MBA graduates immune to downturn, salaries almost double in 5 years

27 Jan, 2014 15:49 / Updated 11 years ago

The 2014 Financial Times MBA ranking of the world’s leading business schools shows the salary of top MBA graduates has doubled over the past 5 years, despite a slowdown in the global economy .

According to the FT survey, 94 percent of respondents say they had achieved the increase in salary they were looking for after graduating with an MBA. Those students who entered the programme in 2008-2009 and graduated in 2010, in the years of downturn, say their salaries have doubled over the last five years.

The highest earners three years after graduating were from Stanford Graduate School of Business with an average $182,000 a year. The second highest salary, and probably the most elite, were Harvard graduates with $176,000.

However the doubling of salary is still not a record.
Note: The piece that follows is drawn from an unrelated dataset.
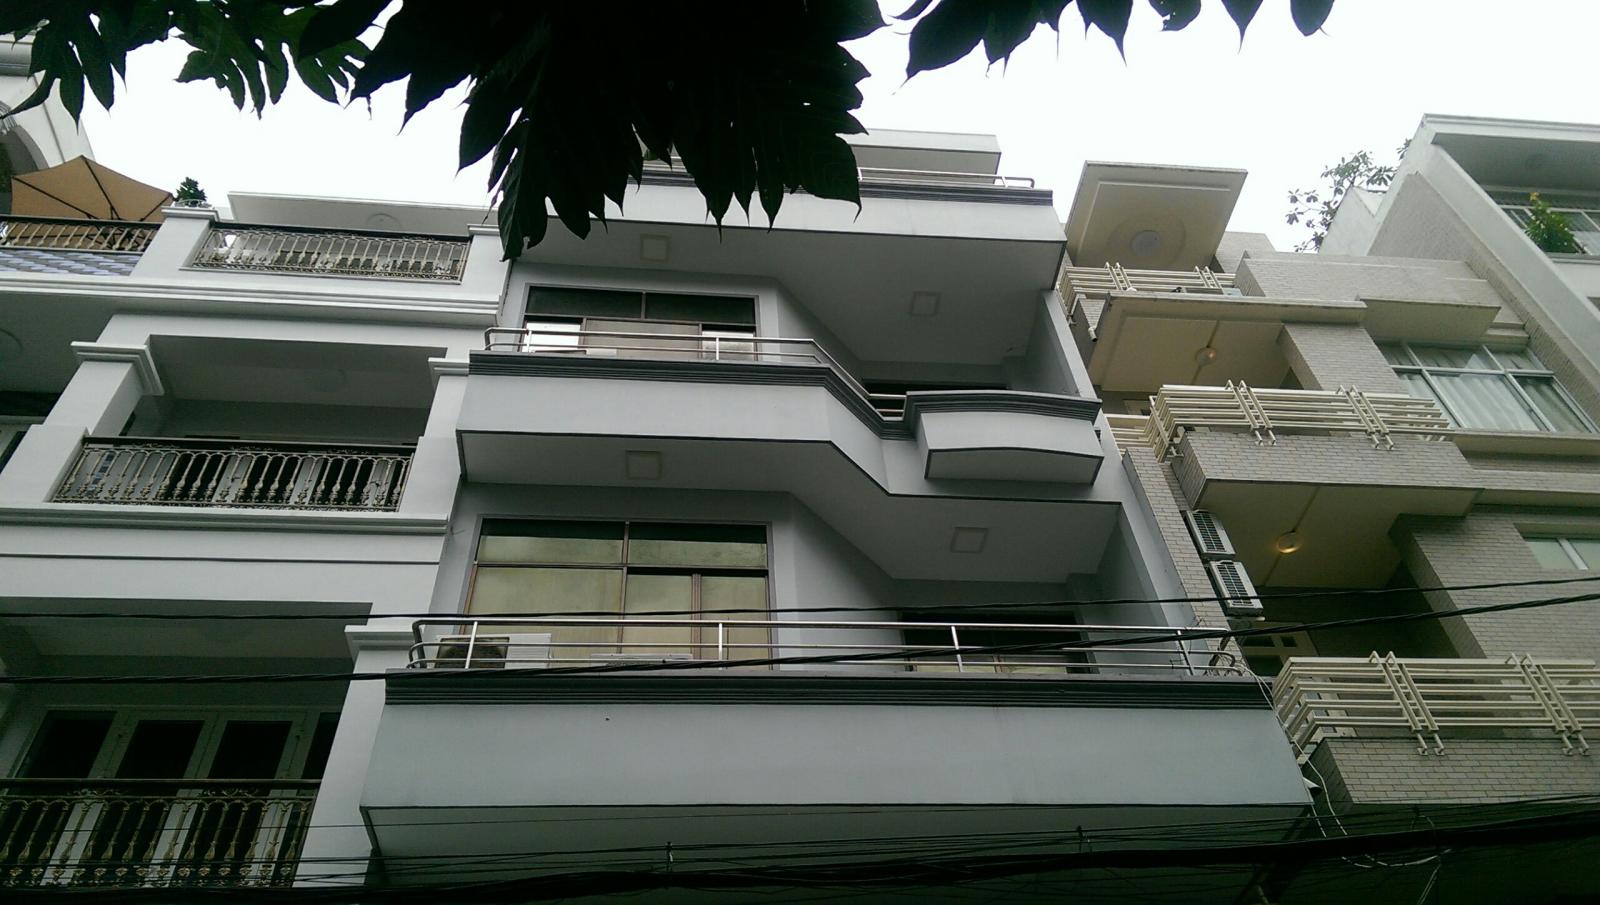 Bán gấp nhà mới 90% Nguyễn Trọng Tuyển, 3 lầu, ngang 7m, giá 6.9 tỷ còn bớt.

In the mid-nineties salaries tripled within a similar five-year period. Many of those MBA graduates went on to head the world’s top corporations.

According to the FT500 top global companies survey, 30 percent of chief executives of the leading international companies hold MBA degrees. In the US the share of Masters of Business Administration among the chief executives of major companies is close to half.
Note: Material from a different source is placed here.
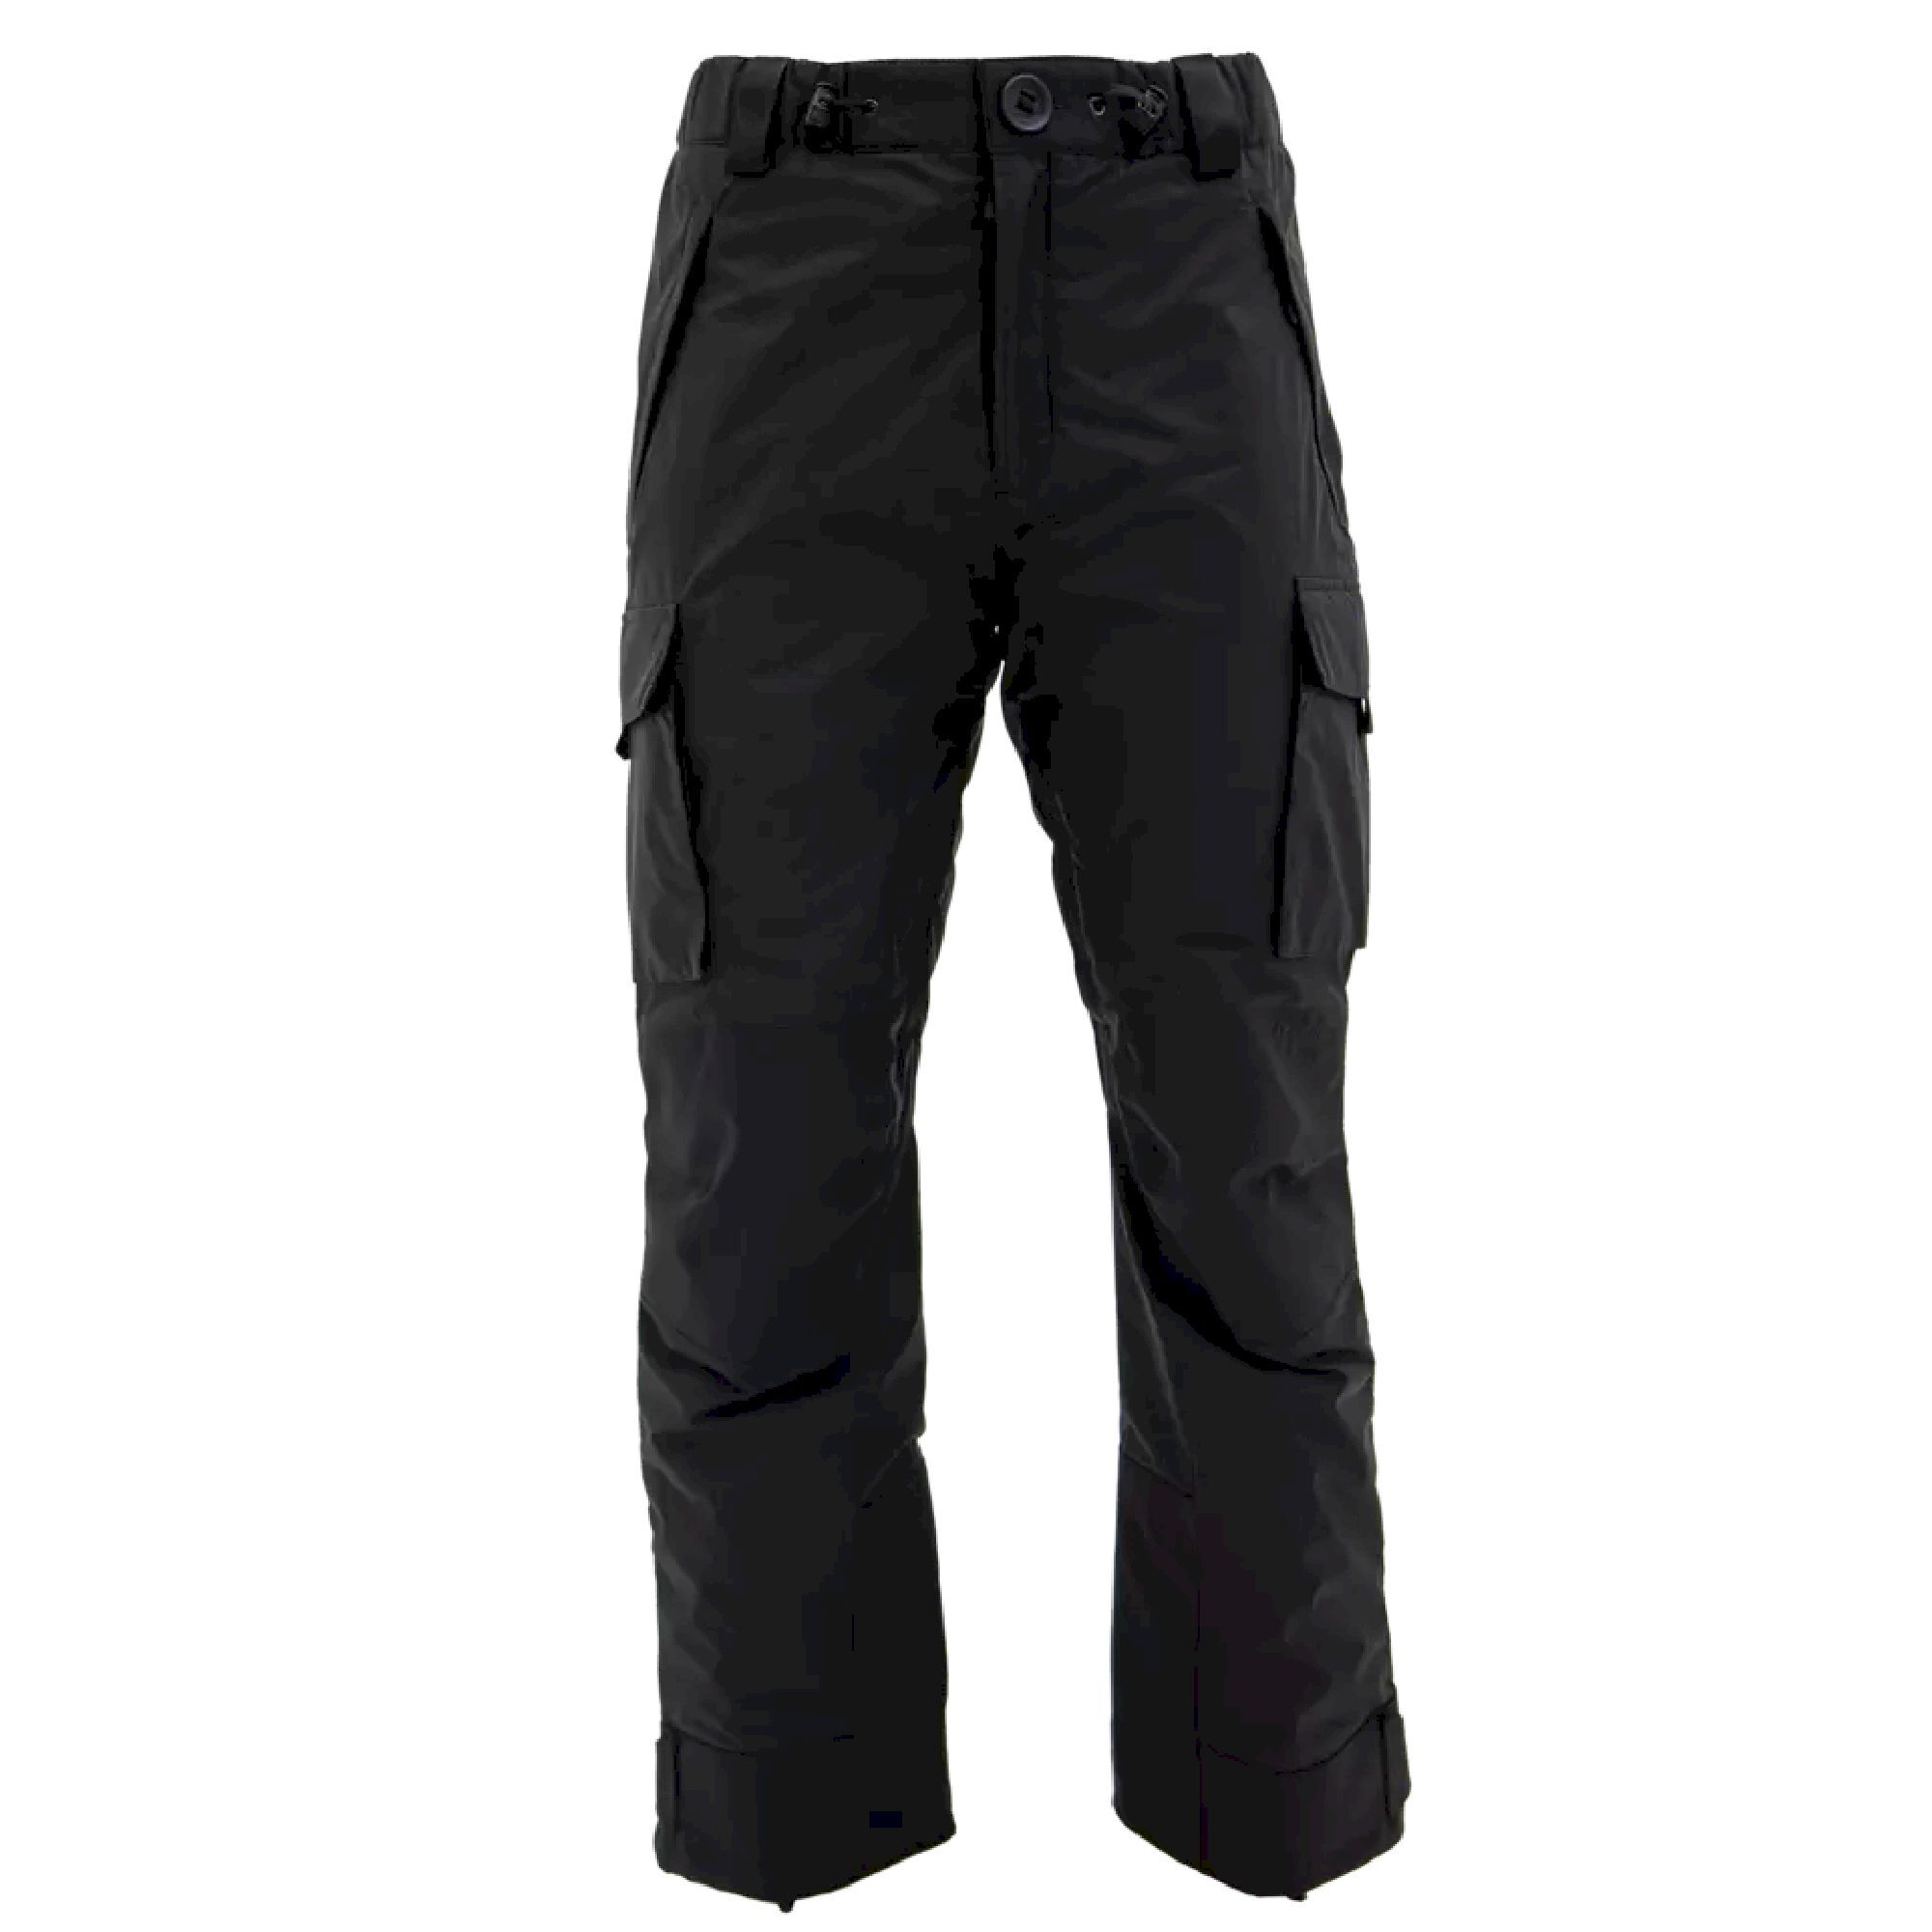 Carinthia MIG 4.0 Trousers - Pantalón de senderismo - Hombre

Besides the complexity of the programme the cost of 24 out of 100 elite MBA’s is over $100,000, added to that there are accommodation costs and two years loss of salary.
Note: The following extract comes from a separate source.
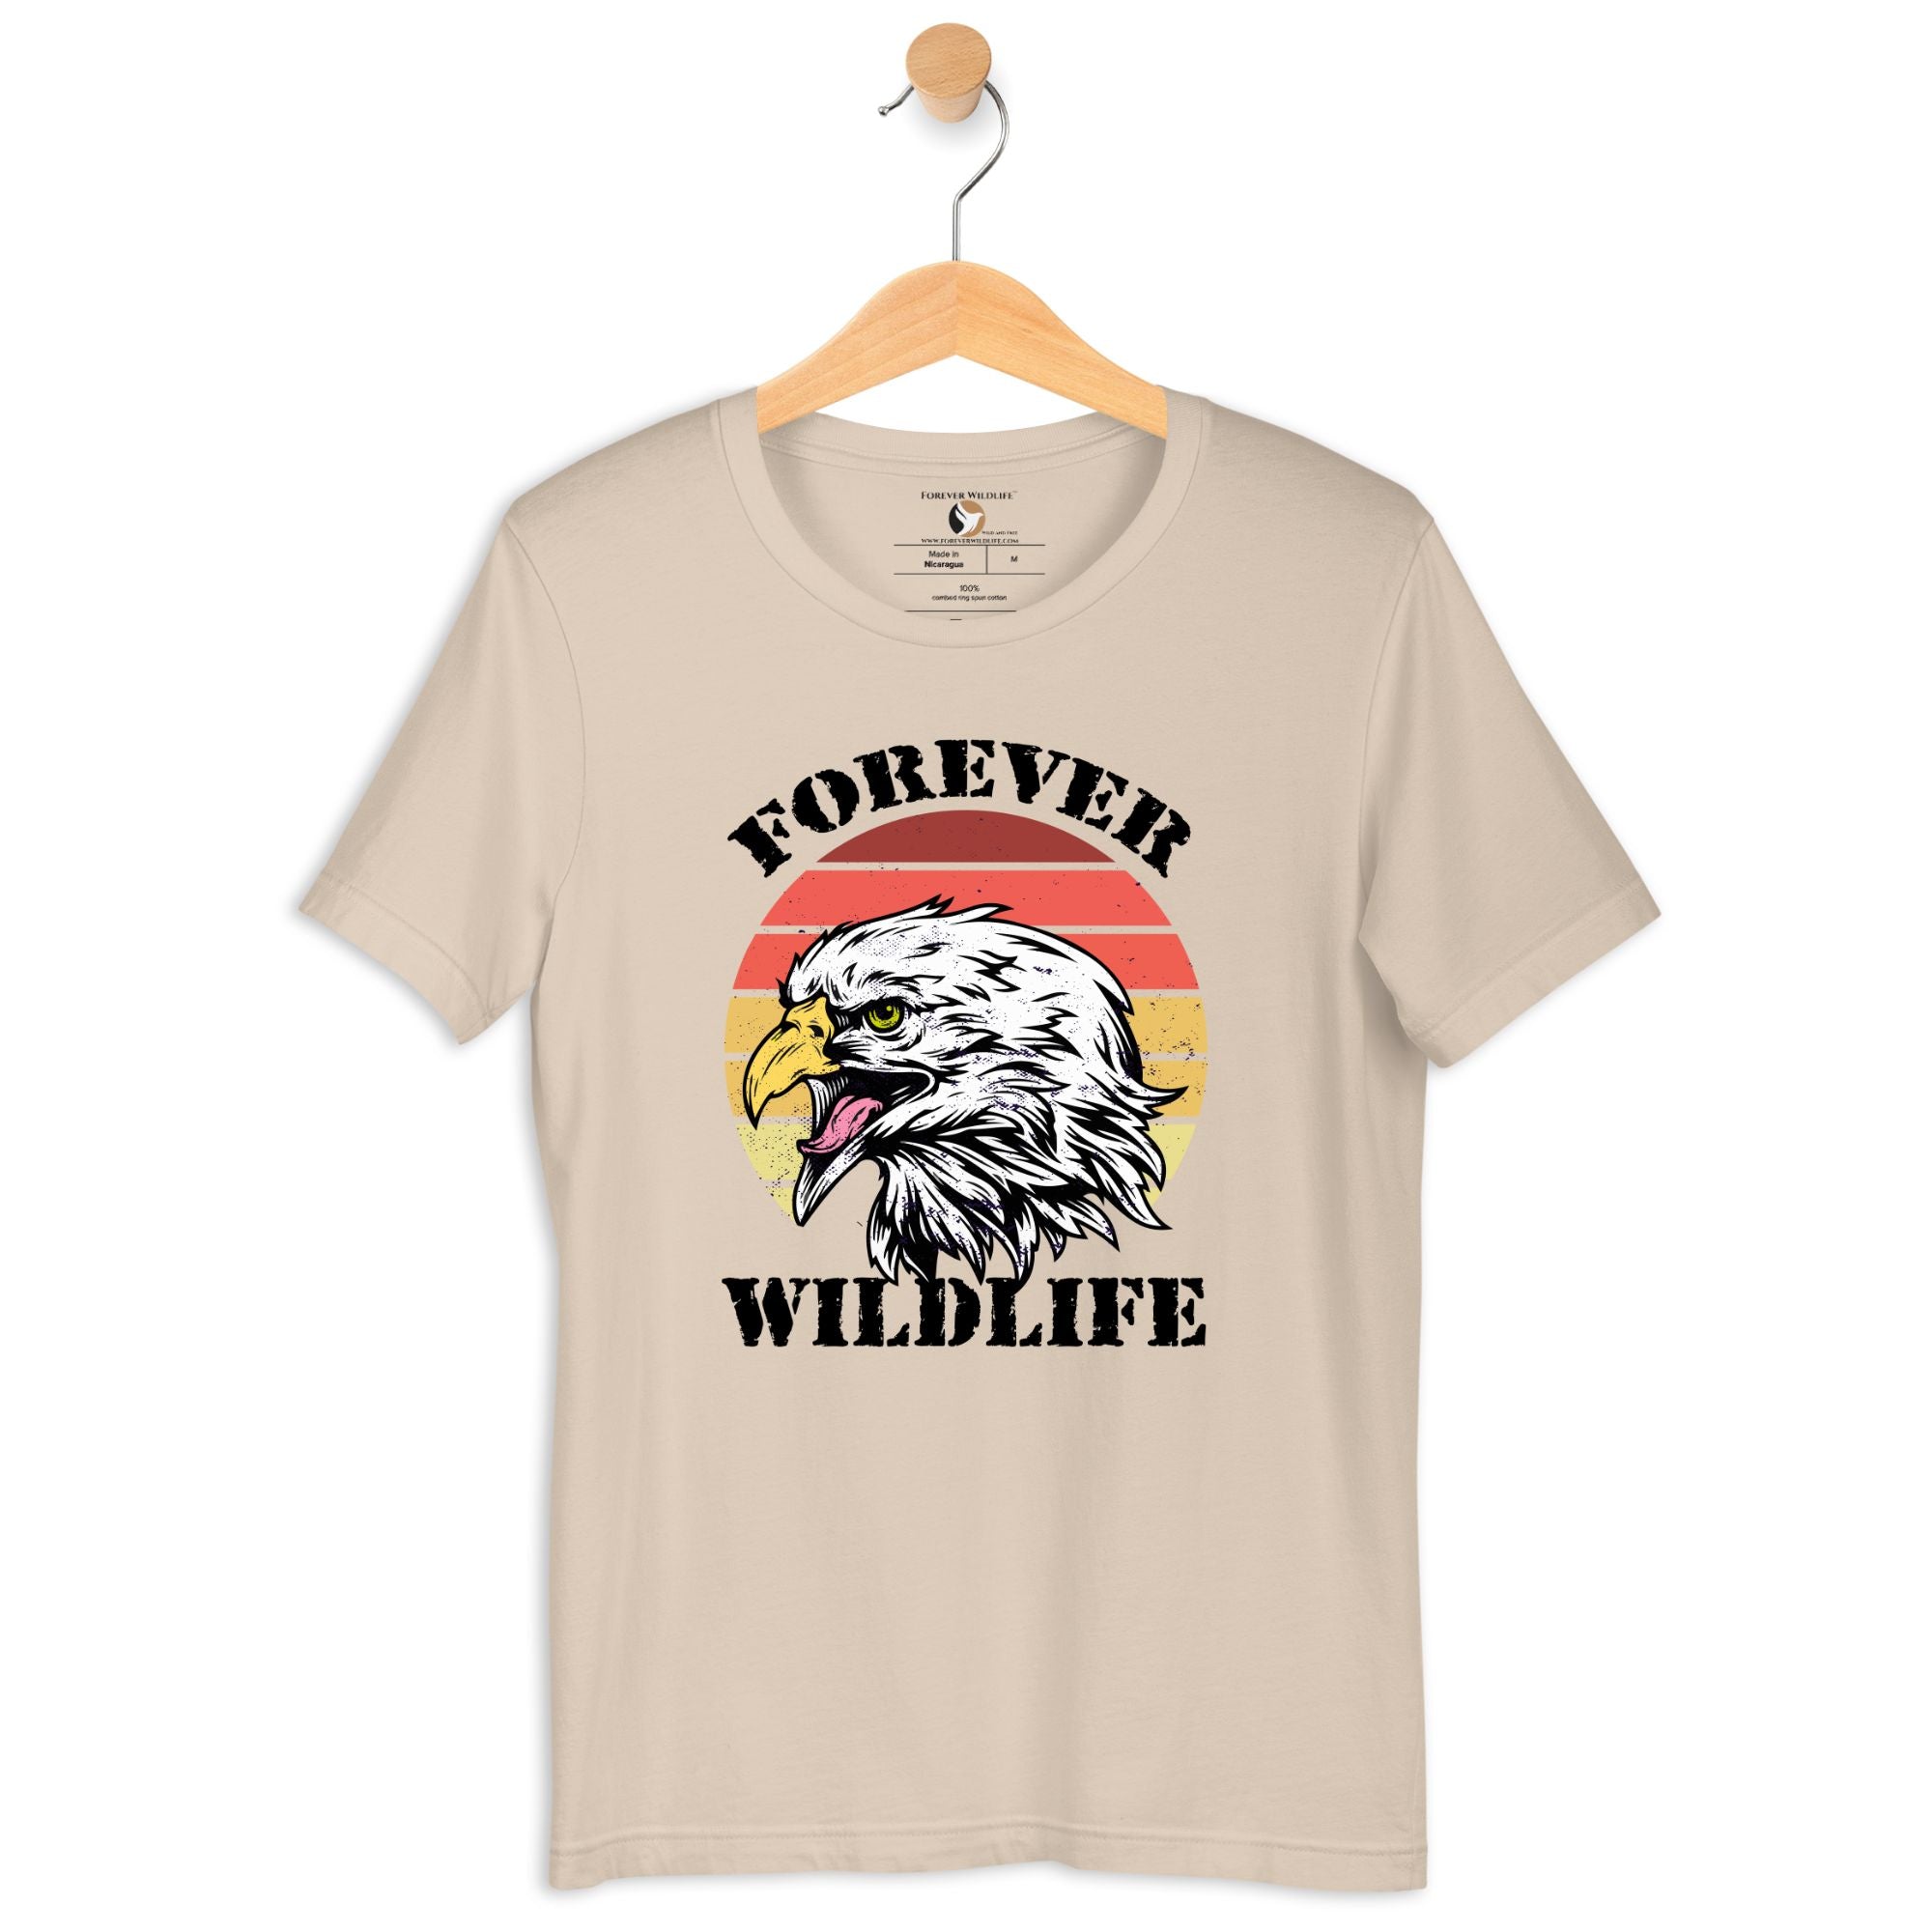 Eagle T-Shirt in Soft Cream – Premium Wildlife T-Shirt Design, Eagle Shirts and Wildlife Clothing from Forever Wildlife

Elite 100 MBAs is just 1 percent of about 12,000 business schools worldwide, and many graduate from them with $100,000 dollars of debt.

Chinese MBA graduates benefit even better than their US or European colleagues, due to the comparative rarity of the programme. The FT’s 2014 ranking survey shows that from 2008, when alumni entered the programme to October 2013, when the regular survey was done, their average salary jumped 160 percent.

The majority of the top business schools are located in the US with 51 out of 100, and 7 of the top 10. London Business School is the best among the other 25 European MBAs in the list, and ranks third in the world.

The FT ranking has been going since 1999. The 2014 ranking was compiled from the examination of 23,000 alumni from 153 business schools, where 47 percent, or more than 10,000 MBA graduates completed the survey.